An incredibly sophisticated work spanning the limits of knowledge in an objective material universe and the contributions offered by deep subjective knowledge towards advancing our relationship with it, both scientifically and philosophically.
The opening, where he describes the history of quantum mechanics, is amazing. Better than any book I've read, even though it's not the center focal point of the book. However, however, however...the book is about how amazing hinduism is and how lame the West is. even someone mildly educated on religions in the west, like De Riencourt pro-ports to be, can see through it.

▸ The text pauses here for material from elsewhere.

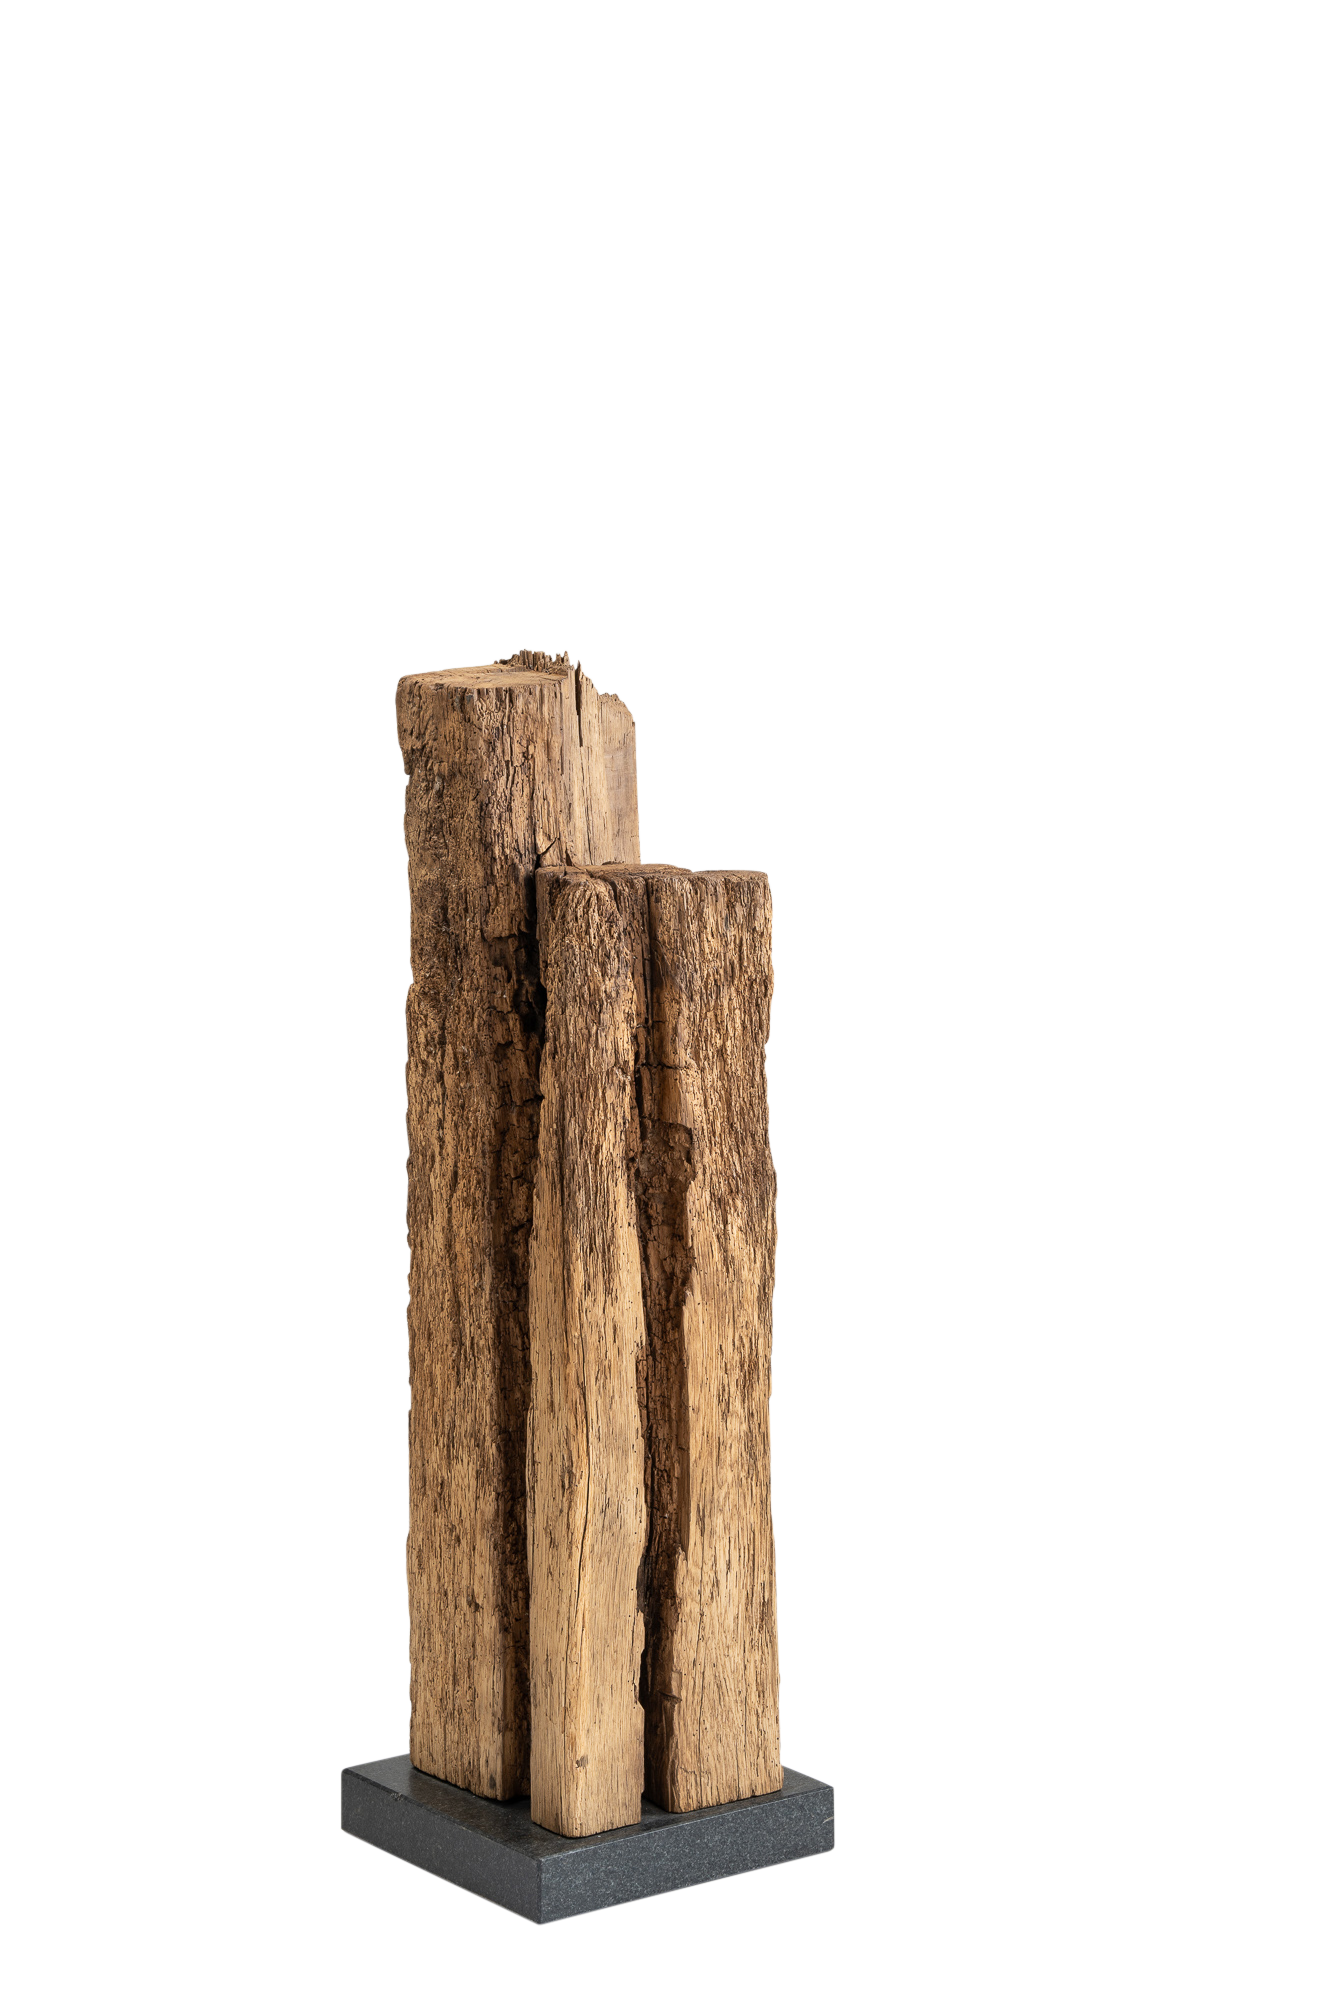 Eine Eichenholz-Skulptur, die auf einem steinernen Sockel steht. Die Skulptur zeigt eine abstrakte Form, die aus dem Eichenholz geschnitzt wurde. Die natürliche Maserung des Holzes ist sichtbar und verleiht der Skulptur eine warme und organische Ästhetik. Die Skulptur steht stabil auf einem massiven Steinsockel, der ihr eine solide Basis verleiht. Die Kombination aus Holz und Stein schafft eine harmonische Verbindung von Natur und Handwerkskunst.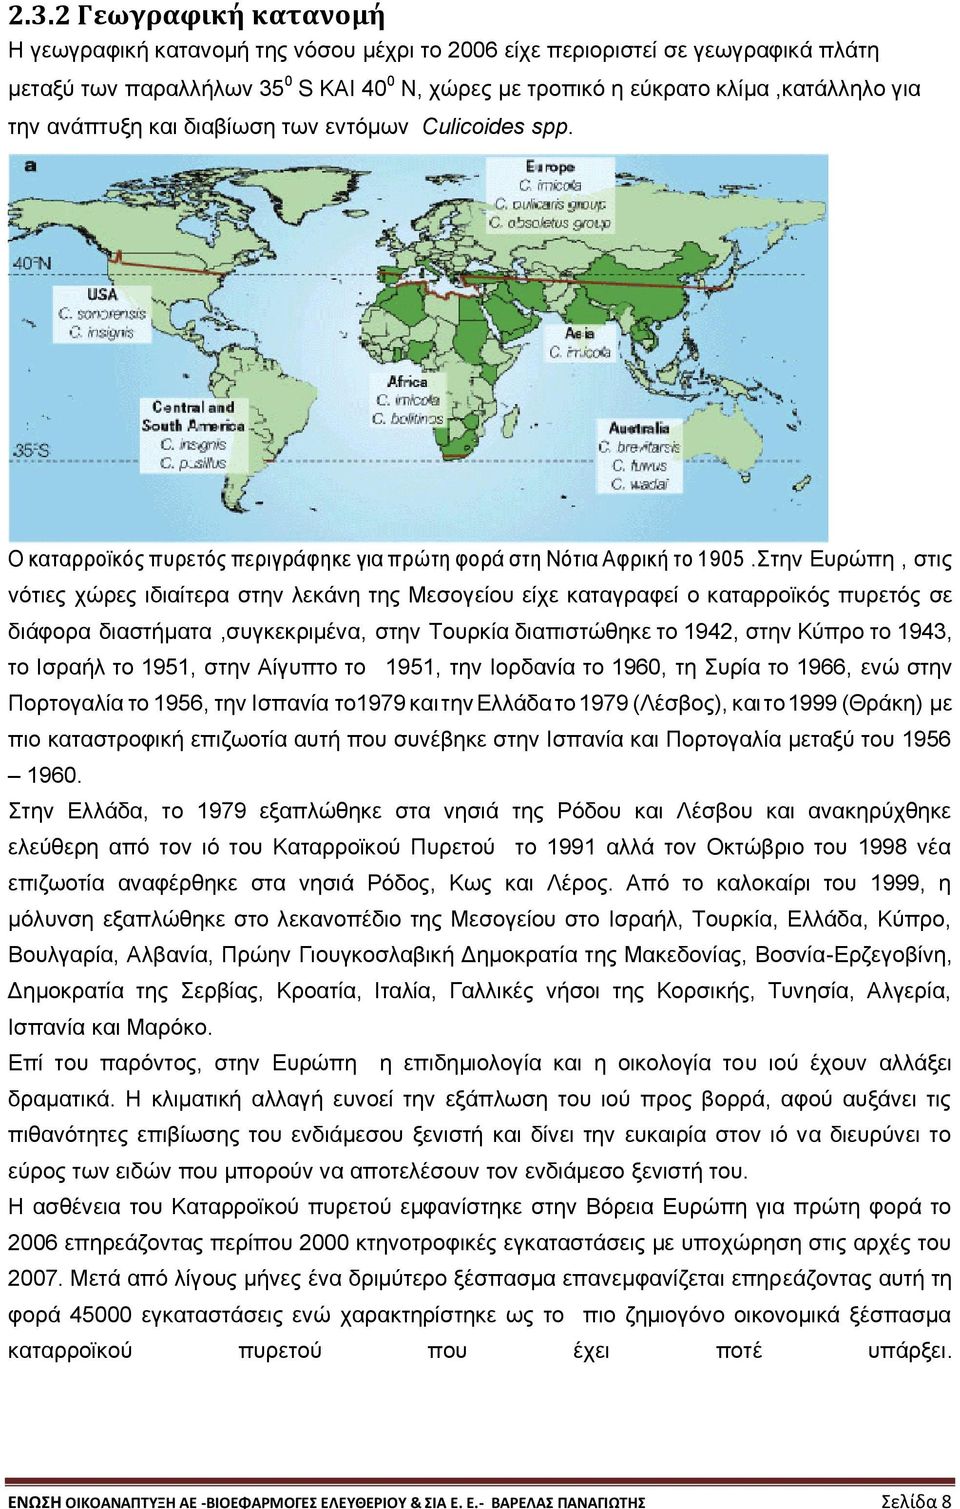 Στην Ευρώπη, στις νότιες χώρες ιδιαίτερα στην λεκάνη της Μεσογείου είχε καταγραφεί ο καταρροϊκός πυρετός σε διάφορα διαστήματα,συγκεκριμένα, στην Τουρκία διαπιστώθηκε το 1942, στην Κύπρο το 1943, το

I really wish these big brained dudes would take the time to read Aquinas or Augustine. Well, actually, I doubt it would help, because at the center of all these writers is the deep desire to be an independent man and have their own thoughts, their own ideas about reality. They want to weave their own theology, and being bound to a religious system is like going to prison. It's interesting to me, because if they have humility, they would see that what they're creating, while interesting, is never as good or as deep as the real thing.
It is one of the most profound spiritual/religious books I have ever read. Amaury De Riencourt does a very good analysis of Western vs. Eastern metaphysical thought processes and then explains his view on the converging of modern science and traditional religions that point towards an emerging higher form of consciousness in the human race.